So, how are you feeling?

Feeling confined? Spare a thought for Tim Peake who was hauled up in the tiny Soyuz TMA-19M capsule with two of his crewmates Yuri Malenchenko and Tim Kopra as he descended back to Earth from the International Space Station back in 2015. Although the journey was just under three and a half hours, this little confined capsule saved his life. Remember: staying in your house right now can save lives too.

Feeling peckish? With Easter just around the corner, how about this 100-year-old Easter egg? Not your thing? How about this compilation of traditional Welsh recipes. I'll give the Oatmeal Gruel a miss, Eldeberry Wine however... now you're talking!
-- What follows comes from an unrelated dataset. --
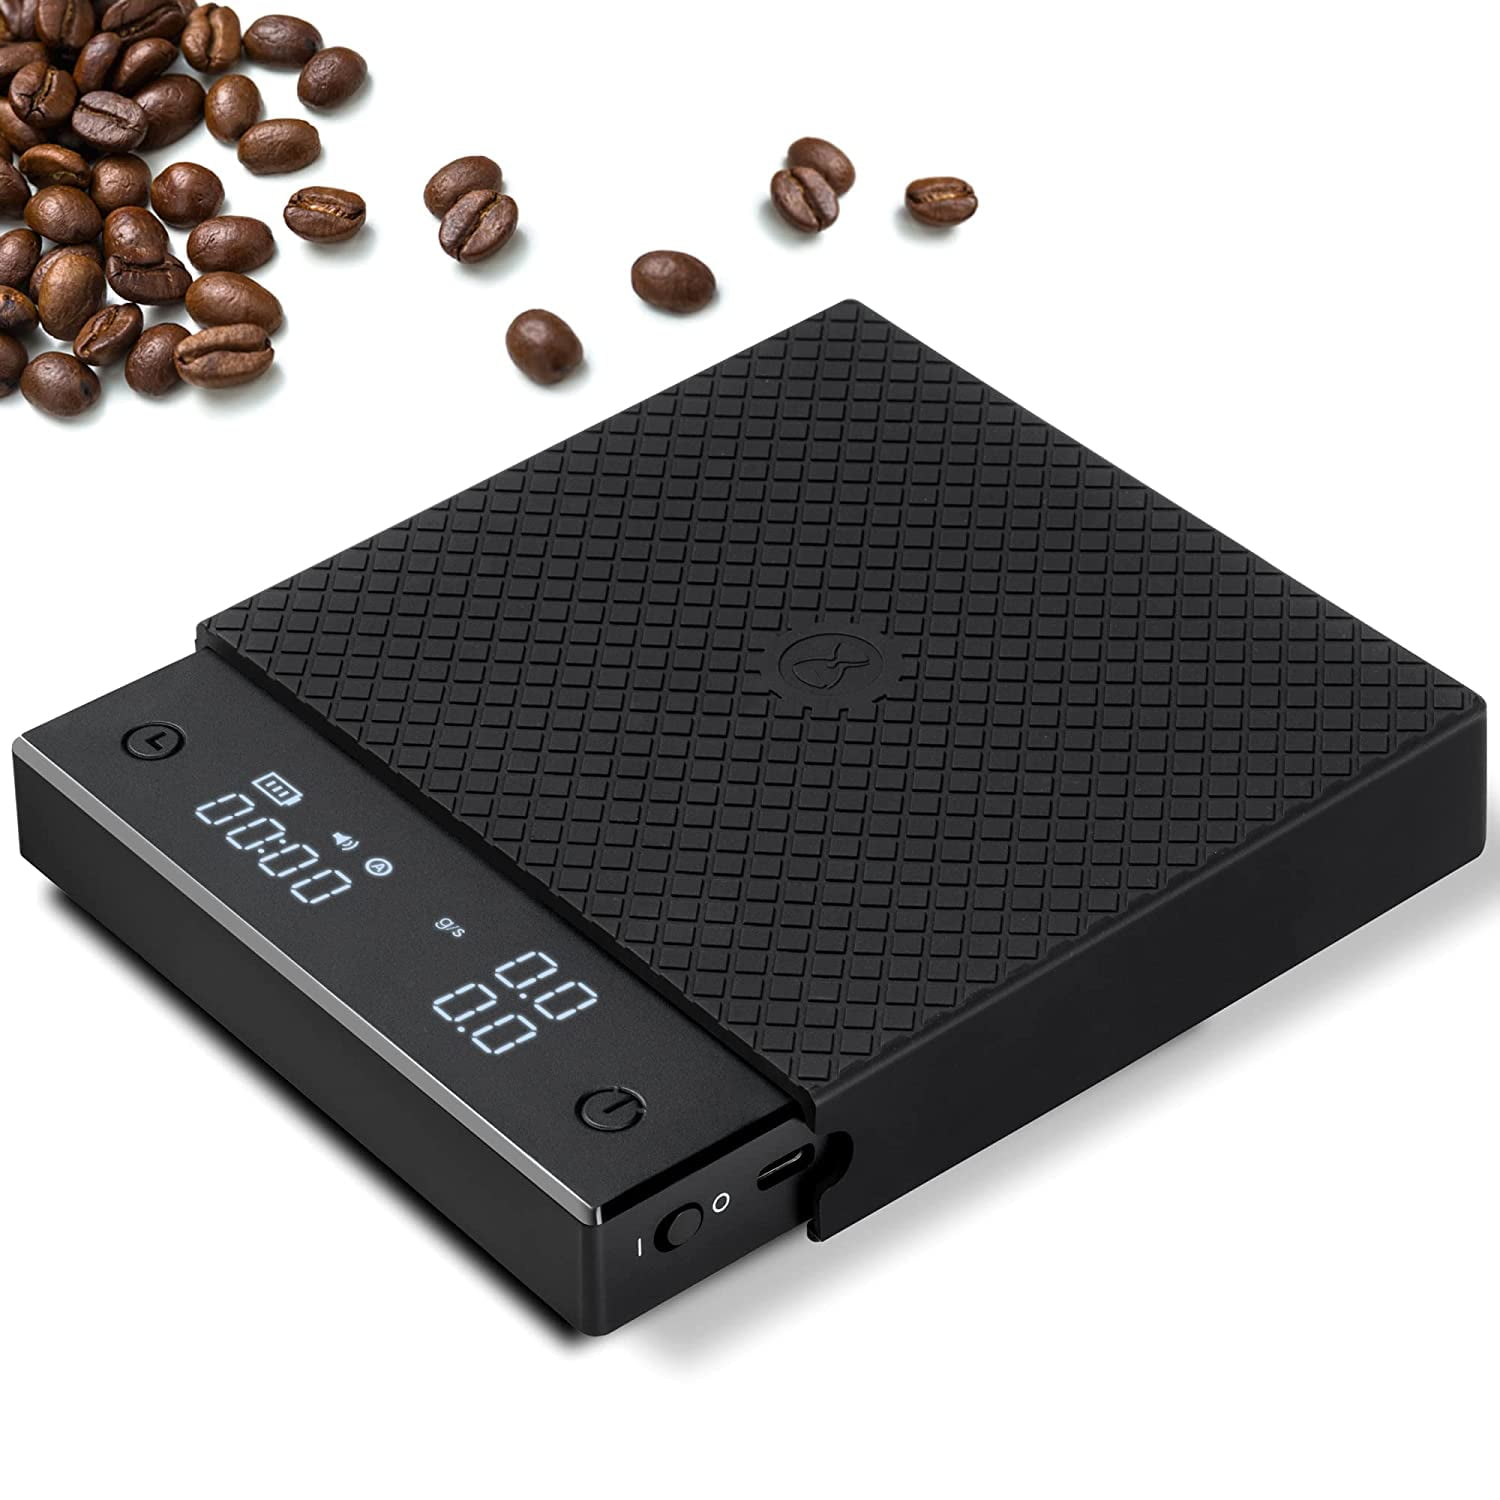 TIMEMORE Coffee Scale, Espresso Scale,Weigh Digital Coffee Scale with  Timer,2000 Grams(Black)

Feeling curious? Ever wondered why Jones is such a popular Welsh surname? Check it out now, in a minute.

Feeling arty? Why not try your hand at some botanical illustration.

Feeling adventurous? Take a trip underground at Big Pit National Coal Museum and experience life as a real miner.

Feeling nostalgic? Take this opportunity to snoop around some of the houses at St Fagans National Museum of History whilst no one’s watching!

Feeling crafty? Print out and make this paper calculator.

Feeling blue*? Mix things up with some natural colour inspiration from our mineral and crystal collection.

Feeling fabulous? Check out this spectacular, and very old, Bronze Age gold bling; some perfect pieces to compliment your work-from-home attire.

Feeling stiff from sitting at your home desk? Time to take a break and follow these simple stretching exercises. Plus, here are some tips on sitting correctly in front of your computer to prevent aches and pains.

Feeling active? How many times can you run up and down the stairs before your kettle boils? One, two, three, go!...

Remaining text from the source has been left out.